The one position with which lefties find it difficult to reconcile themselves is classical-liberalism. They can handle the social-liberal aspects of that (though in a meddling, "let's make everything perfect for everyone" rather than "laissez-faire, laissez-passer" kind of way), but the economic liberalism and individualism is simply incompatible with their beliefs. Brown and Blair have made a good job of pretending it is otherwise (and in the case of Blair, I believe there was a genuine modicum of belief in free markets), but scratch beneath the surface of almost everything they have done, and you find a corporatist, managerialist, effectively-socialist solution disguised as a market mechanism. They have coopted the large corporations and City institutions, and consulted economists till they (or we) are blue in the face, to maintain the charade of market-delivery, but they have at all times hindered the freedom of businesses large and small to respond freely to unbiased market signals.

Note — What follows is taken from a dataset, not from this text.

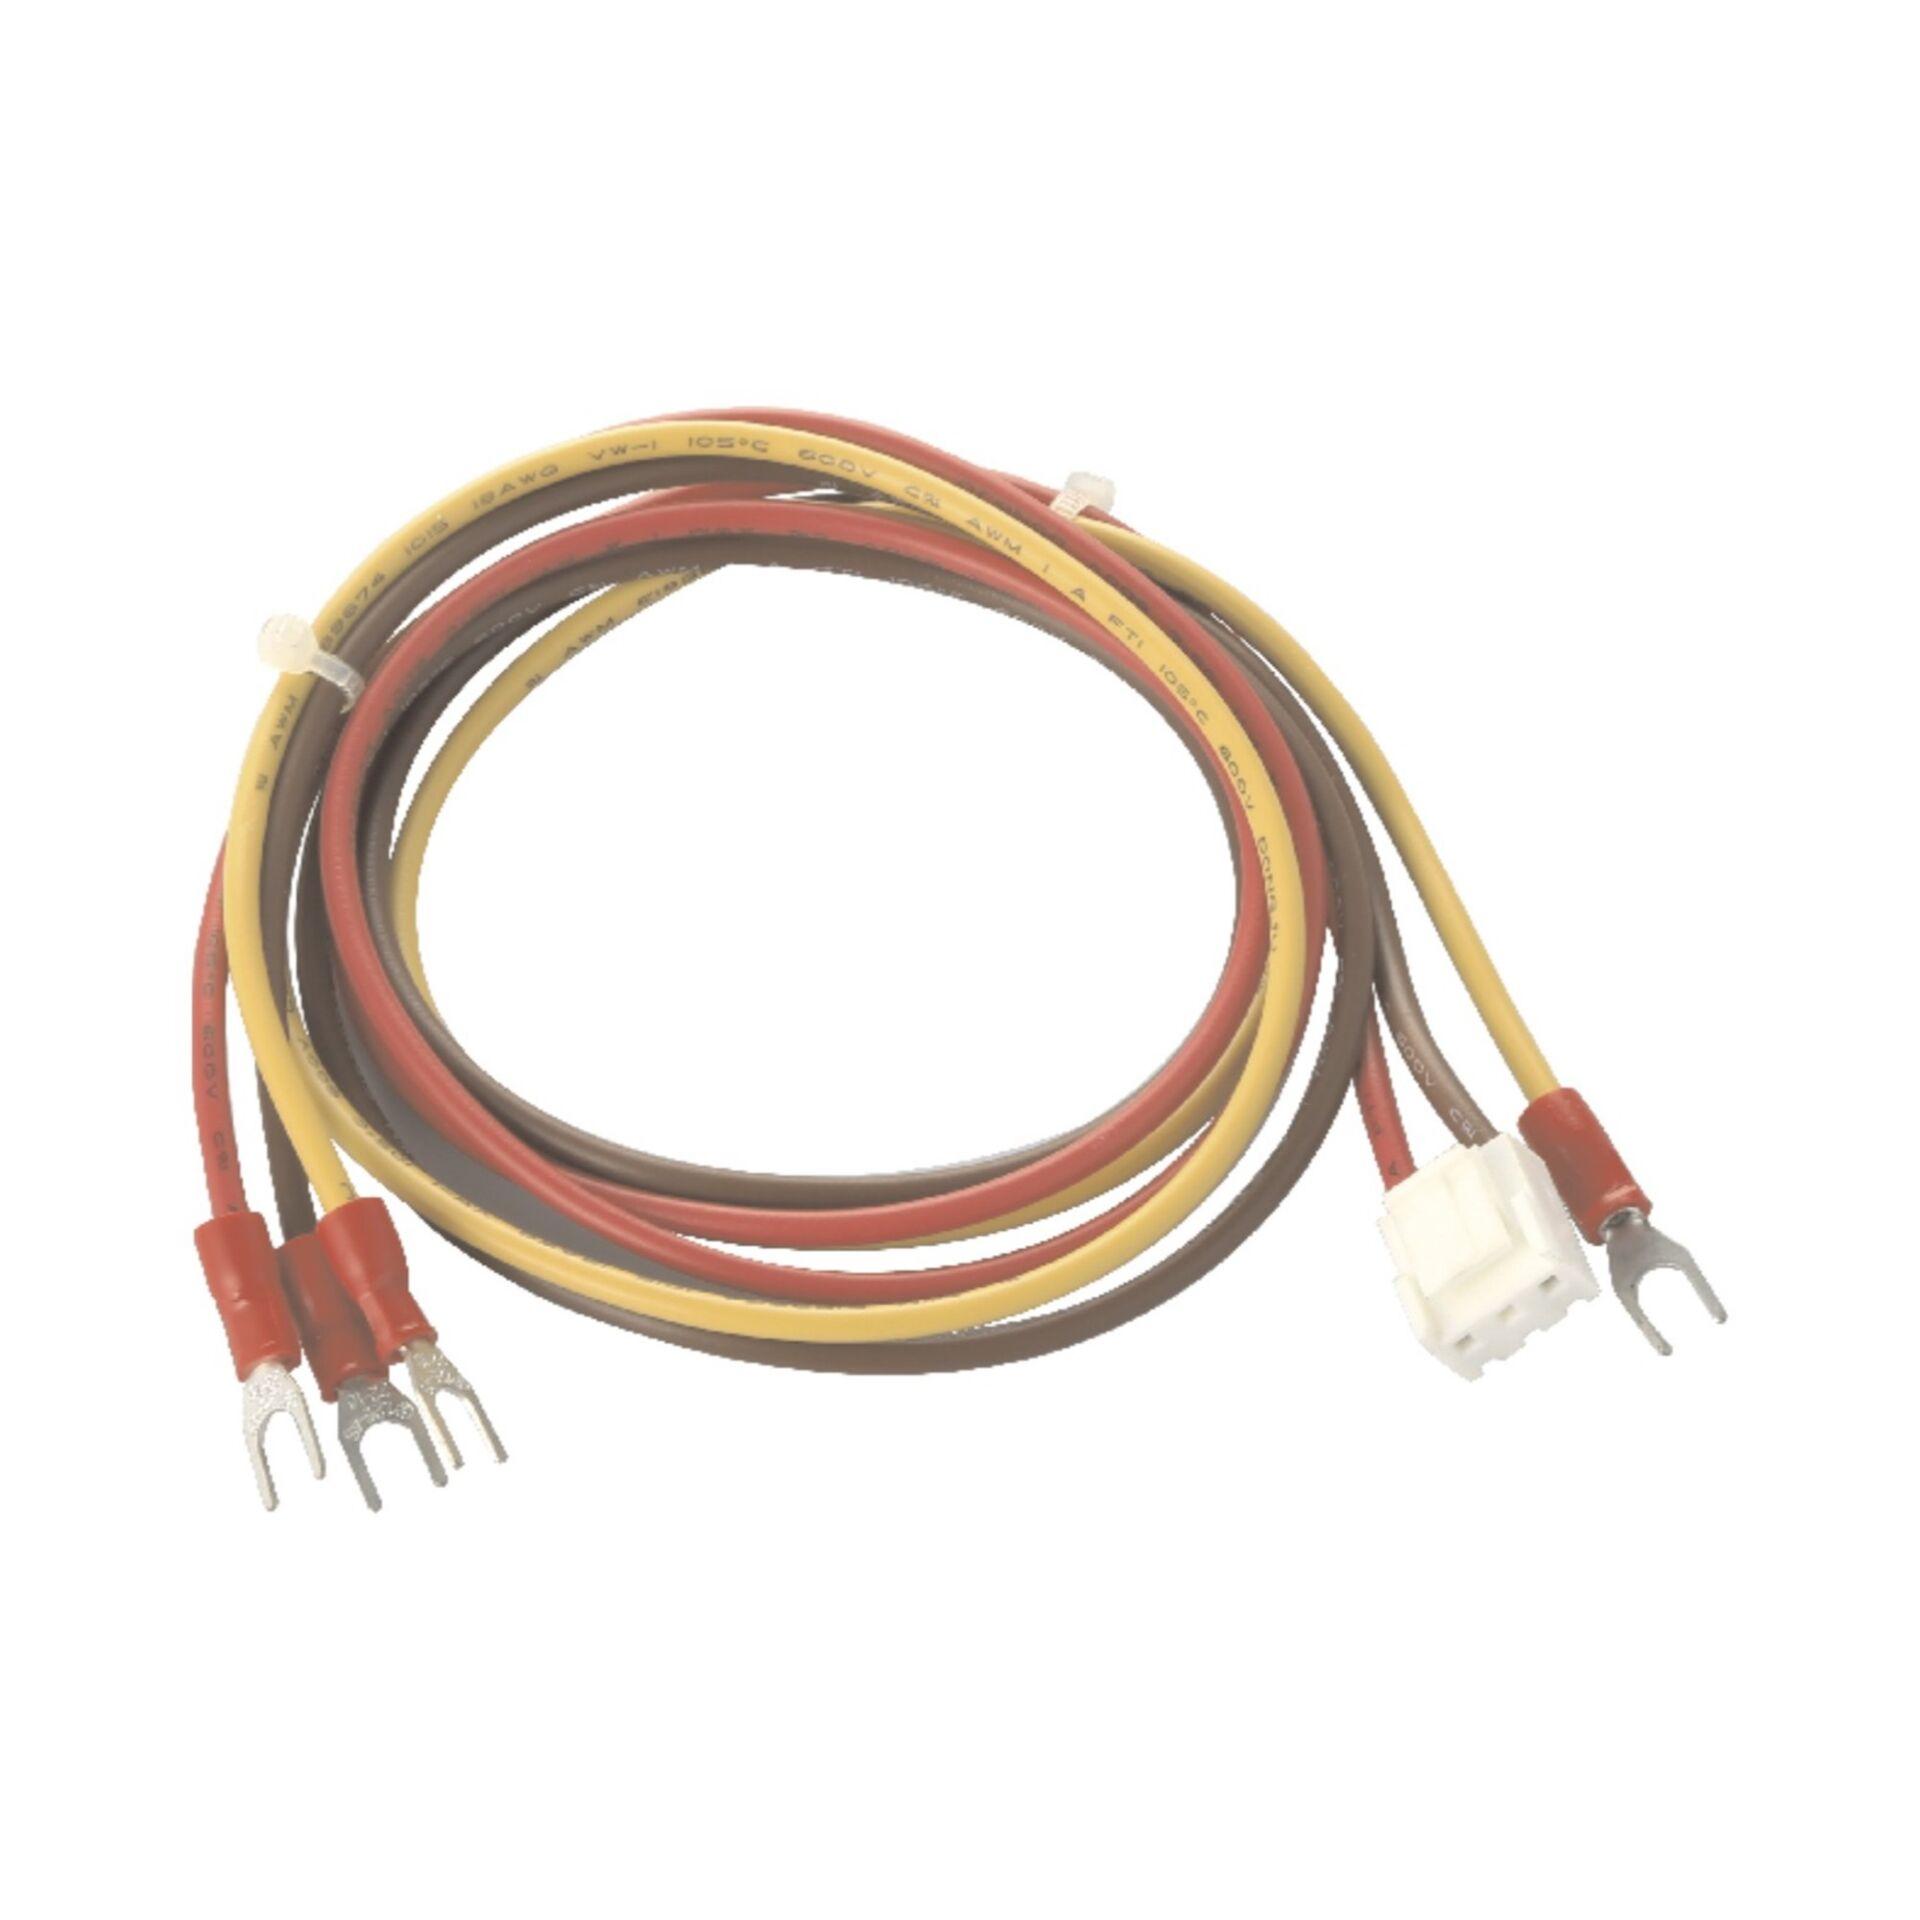 UL1015 18AWG 棕紅(黃綠)/單邊壓VH-3Y膠殼/含頭壓線/棕紅接膠殼,其它接Y型冷壓端子1.25-4S
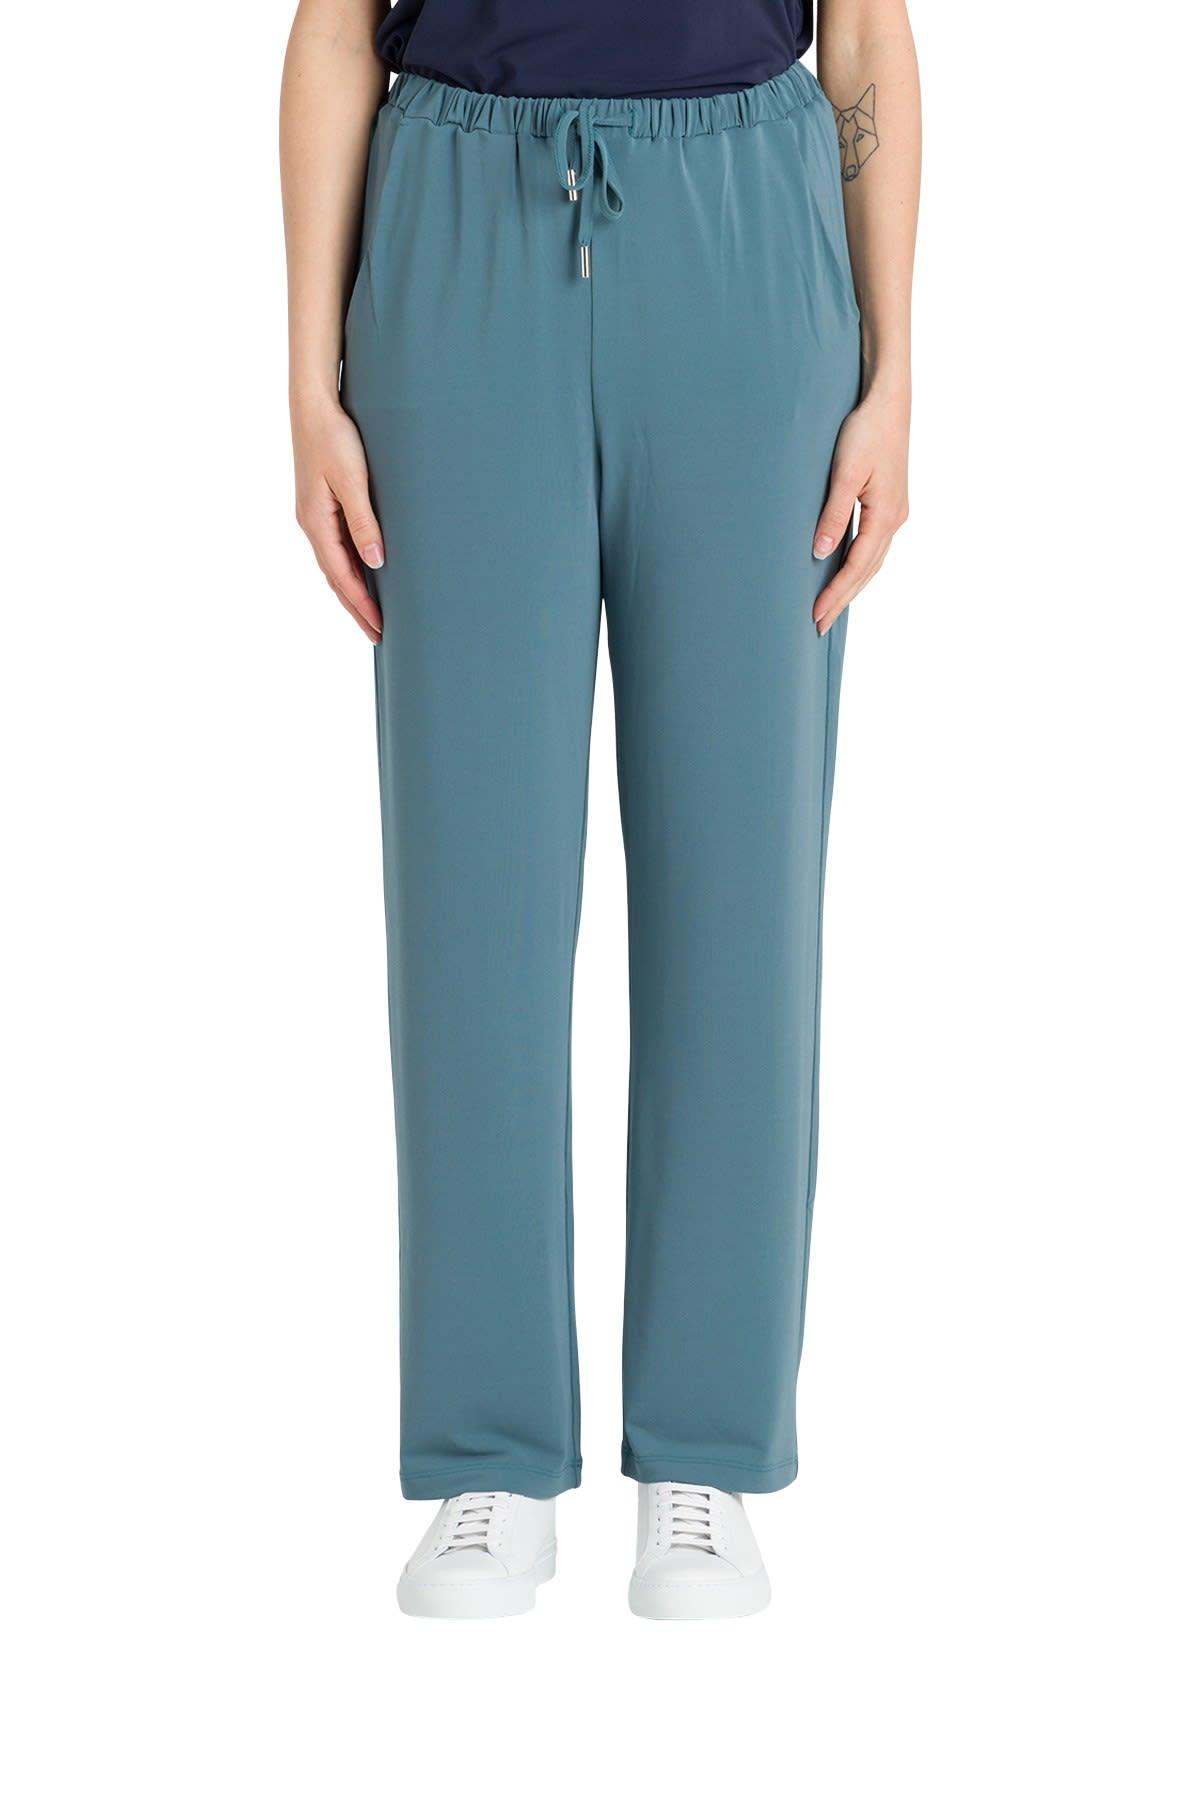 Max Mara Elastic Waist Trousers

The Tories should accept that Uncle Gordo will try to look as authoritarian as them (if not more so) on law-and-order issues. They should argue for what they believe is right on security issues (strong, well-funded defence of personal liberty, property, and nation - pretty much what DD has been promoting very effectively), and live with Gordon stealing the parts of that agenda that are more authoritarian and less liberal. But exactly contrary to the Letwin/Willetts brainbox-nonsense about "socio-centric not econo-centric paradigms", they should try to drag the focus back to the size of the state, whether in its intrusion into people's private lives, or into our economic activities. Those are clothes that Gordon simply couldn't wear comfortably if he tried to steal them. But it would require them explicitly to abandon the Letwin programme and to commit to cuts in government-funded activities and in taxation. Is Cameron brave enough, and could he carry it off convincingly given his position to date? If not, those who think that politics really is about the battle of ideas, and not just about who can best run other people's lives, should leave the Tories to flounder in Gordon's wake, and go off and set up a real alternative.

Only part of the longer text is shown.